Me: I don’t know if you’re aware of it, but your western titles lasted longer than any others –even licensed characters like The Lone Ranger.

Stan: Wow. I had never thought about it, but you’re right.

Me: Did you have a favorite western character to write for?

Stan: Let’s see. We had Two-Gun Kid, Rawhide Kid, Outlaw Kid, Kid Colt, the Western Kid, Black Rider… I liked them all. I kind of liked the Black Rider, because he was more of a superhero. Also, we did one photograph cover of him, and that was me under the mask. I got a kick out of that.


Me: Tell me about some of the artists you worked with.

Stan: Jack Keller did Kid Colt, Larry Lieber did Rawhide Kid, Syd Shores did Black Rider. And there was Dick Ayers. Jack Kirby would step in whenever I needed an extra one done. He filled in a lot. So far as telling you about these artists, all I can say is that every one of them was a pleasure to work with. They were good artists, had a lot of talent. They always kept to their deadlines. I was very lucky –I always worked with good artists.

Me: How would you compare writing westerns with writing superheroes?
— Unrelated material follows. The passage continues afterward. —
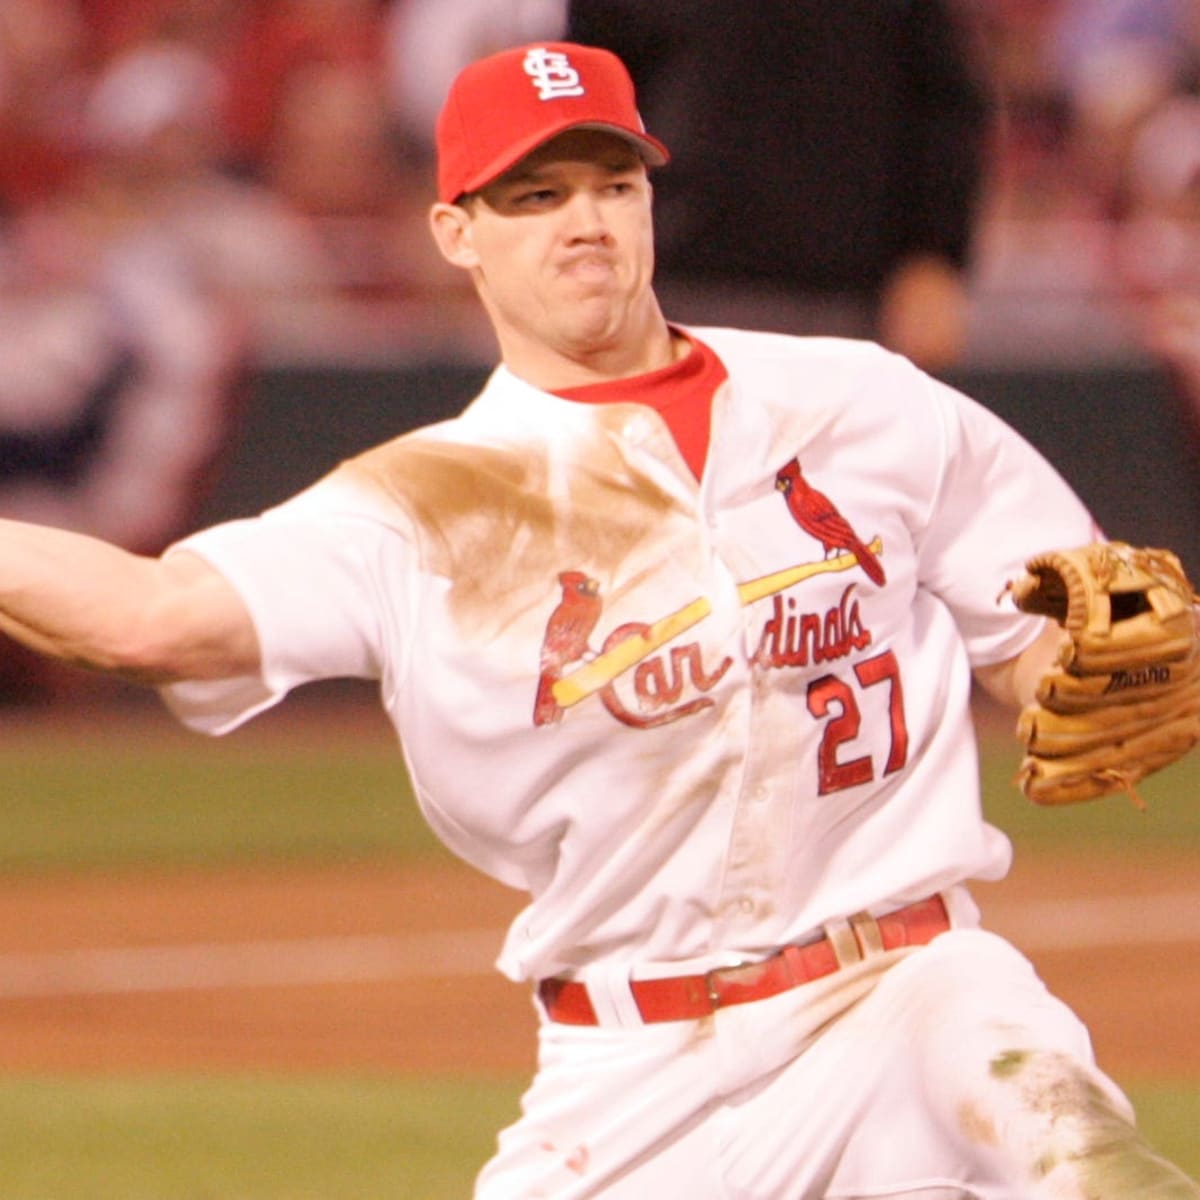 Scott Rolen's return to Philadelphia — It's time to turn the page

Stan: One was as much fun as the other. The only reason that superheroes became so enormously successful was that there seemed to be more glamor involved with them. But I loved writing the westerns. In fact, in those days we wrote everything –whatever there was a demand for. Comics came and went in those days. One year the westerns would be popular, another year the war stories, or the romance stories, or the monster comics. We just went from one to the other, to the other, whatever was selling at the moment. But no matter what else was popular at the time, there was always room for the westerns, and I enjoyed doing them.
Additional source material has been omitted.